== WHAT THE EXERCISE ASKS ==
Although the data below contains pictures, output only the lines between those holding "FLAT LAY FRIDAY" and "#StayInteriors #CurrentDesignSituation #FlatLayInspiration", inclusive, exactly and without those pictures.

== RAW DATA ==
+ + + + +

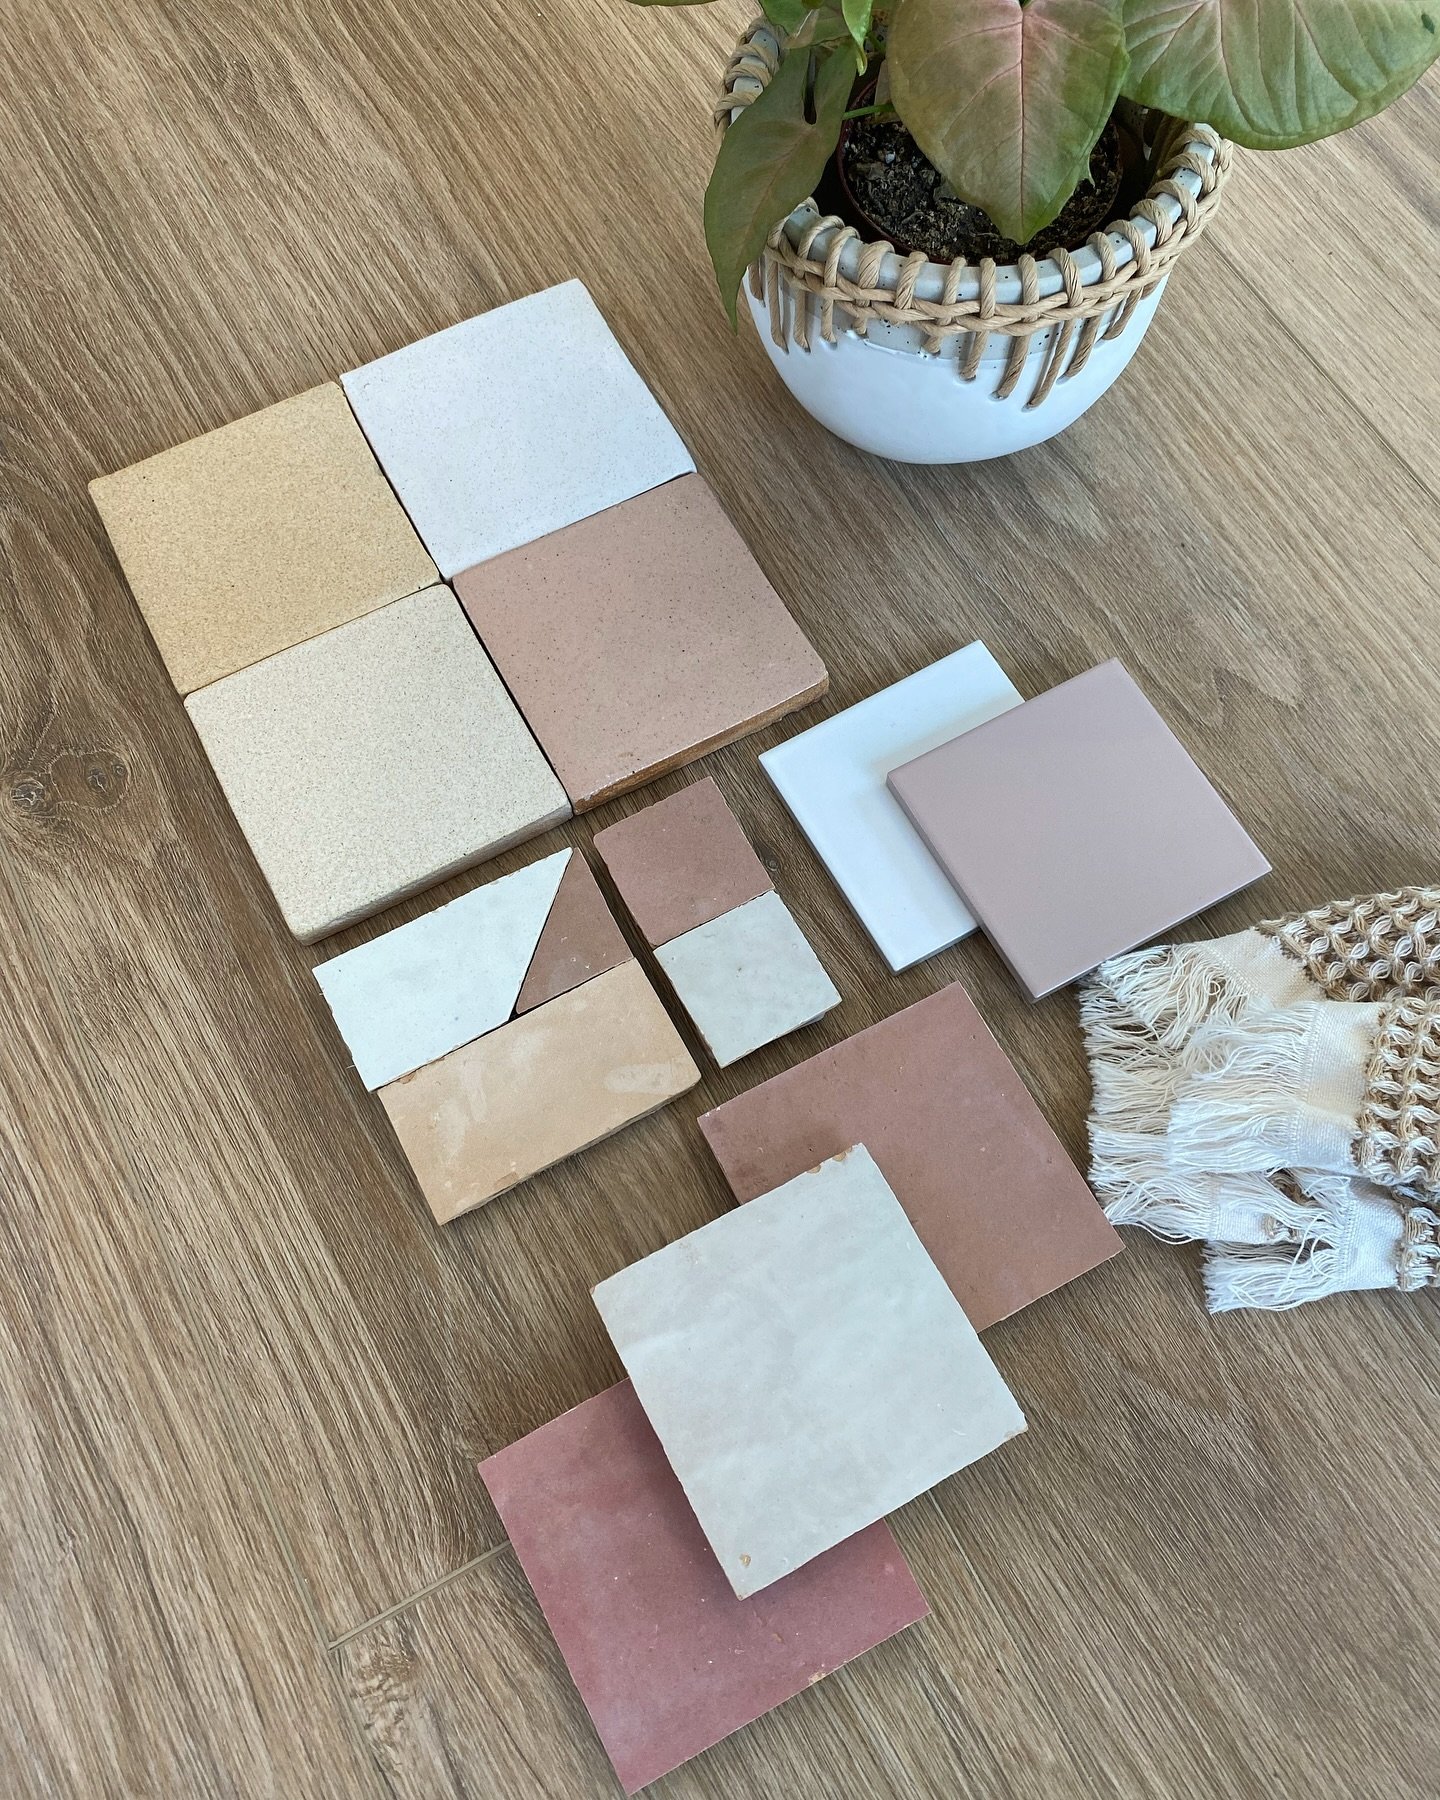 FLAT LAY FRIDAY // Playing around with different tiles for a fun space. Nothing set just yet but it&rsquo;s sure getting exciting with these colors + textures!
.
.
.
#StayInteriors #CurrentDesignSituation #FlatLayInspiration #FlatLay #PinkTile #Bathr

+ + + + +

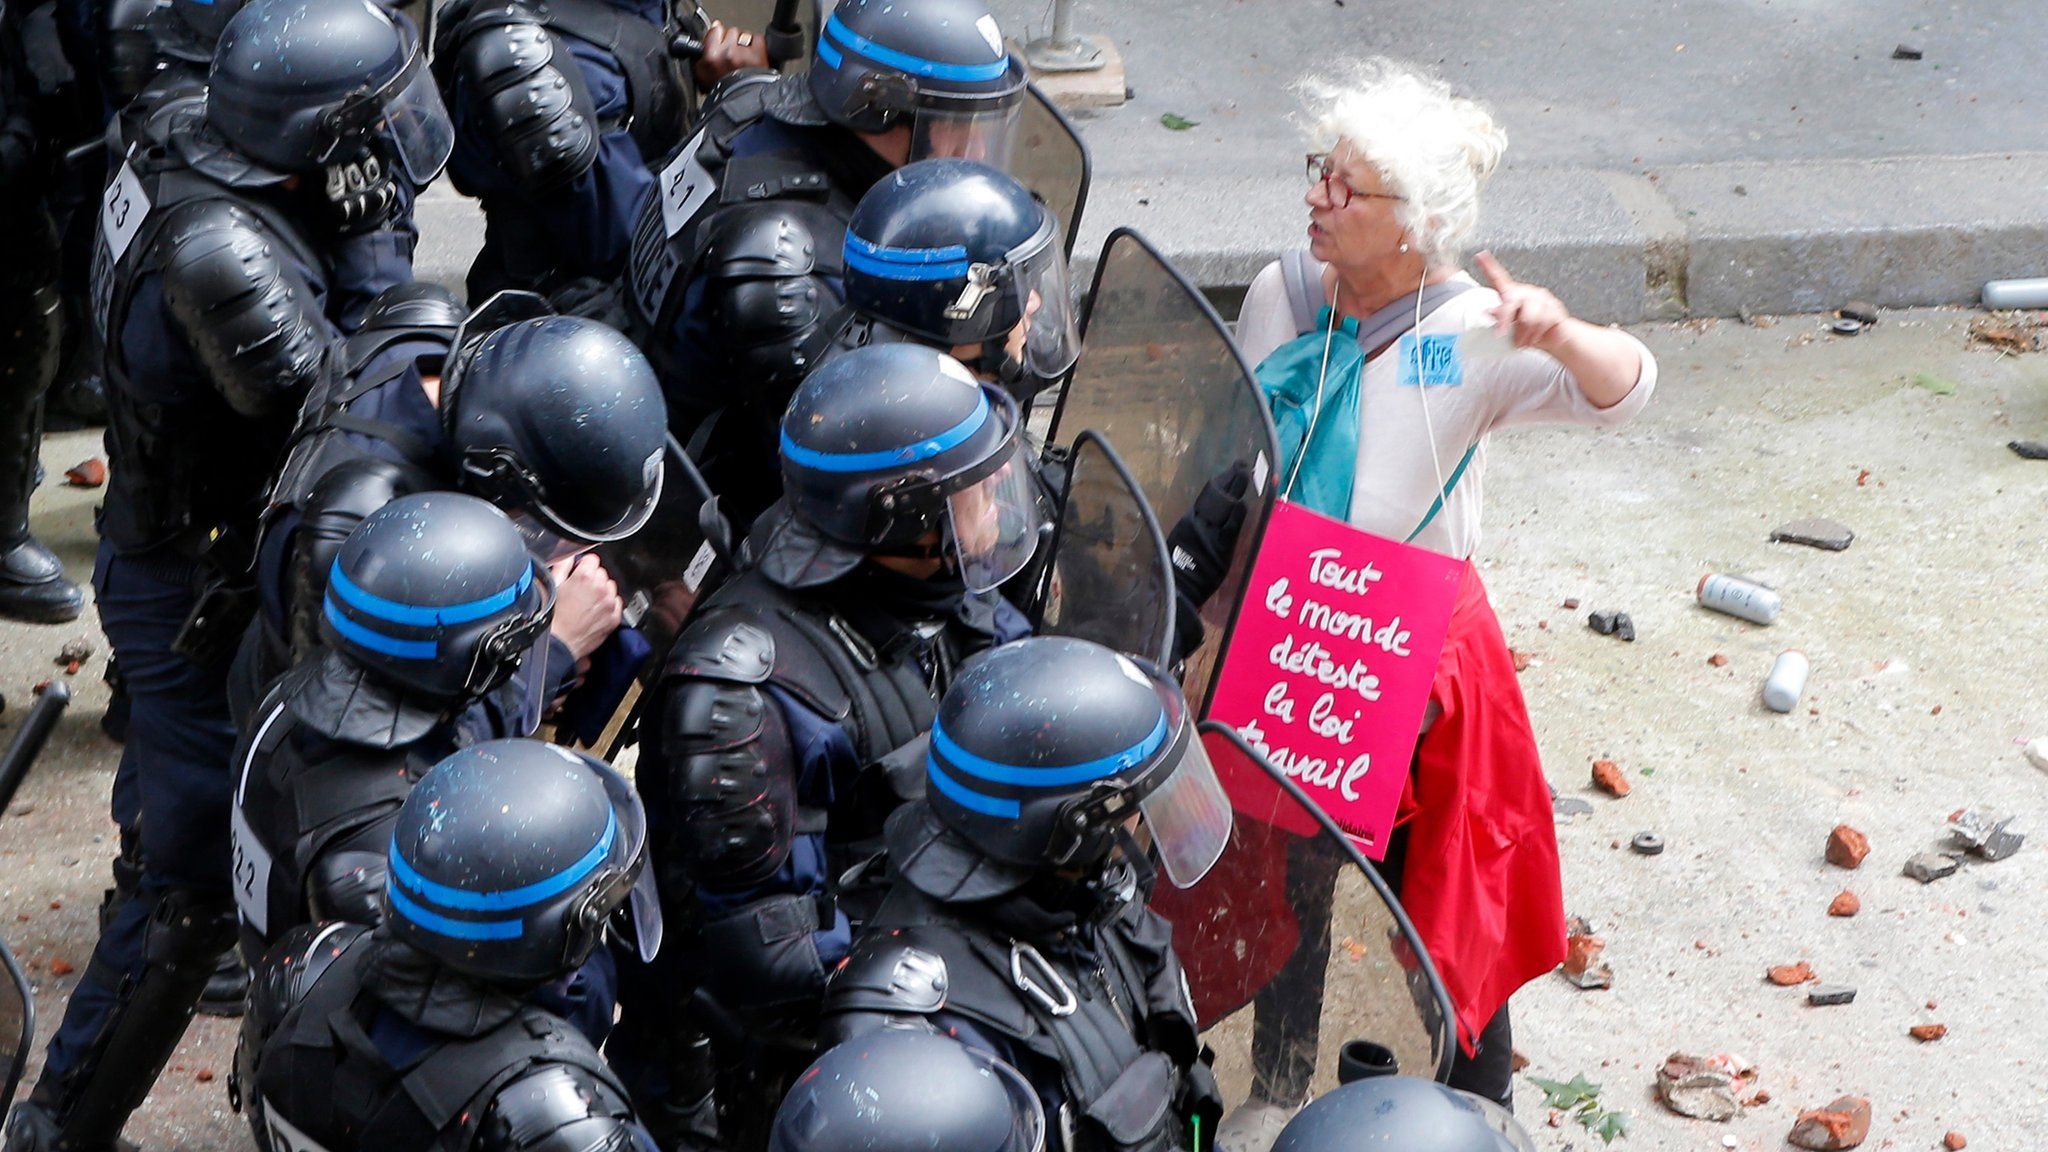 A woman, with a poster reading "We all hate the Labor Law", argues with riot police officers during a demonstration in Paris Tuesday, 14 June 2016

+ + + + +

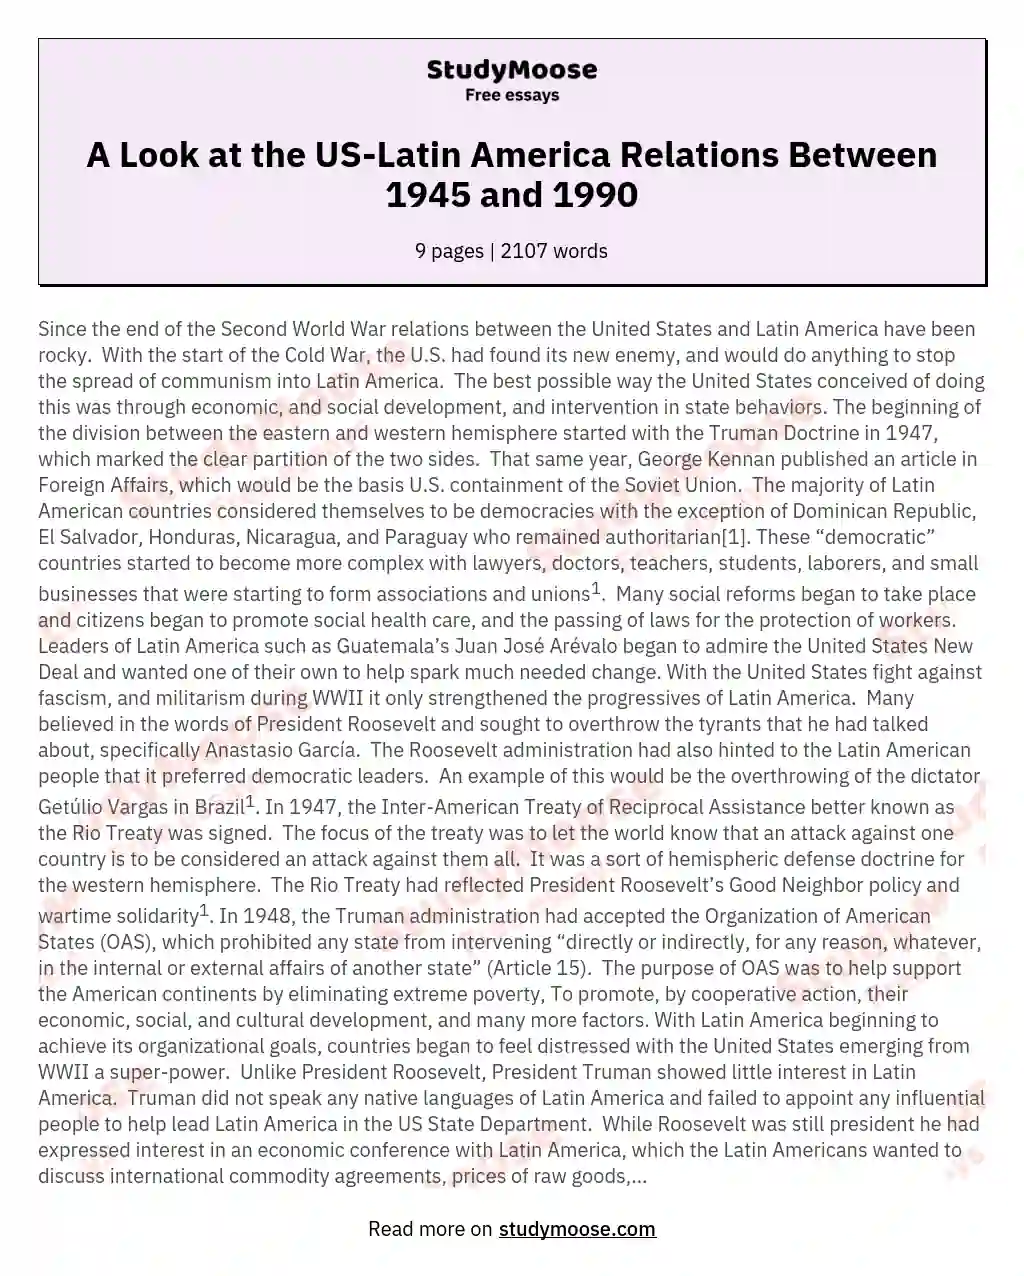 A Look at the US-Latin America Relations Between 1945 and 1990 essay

+ + + + +

== YOUR SOLUTION ==
 FLAT LAY FRIDAY // Playing around with different tiles for a fun space. Nothing set just yet but it&rsquo;s sure getting exciting with these colors + textures!
.
.
.
#StayInteriors #CurrentDesignSituation #FlatLayInspiration #FlatLay #PinkTile #Bathr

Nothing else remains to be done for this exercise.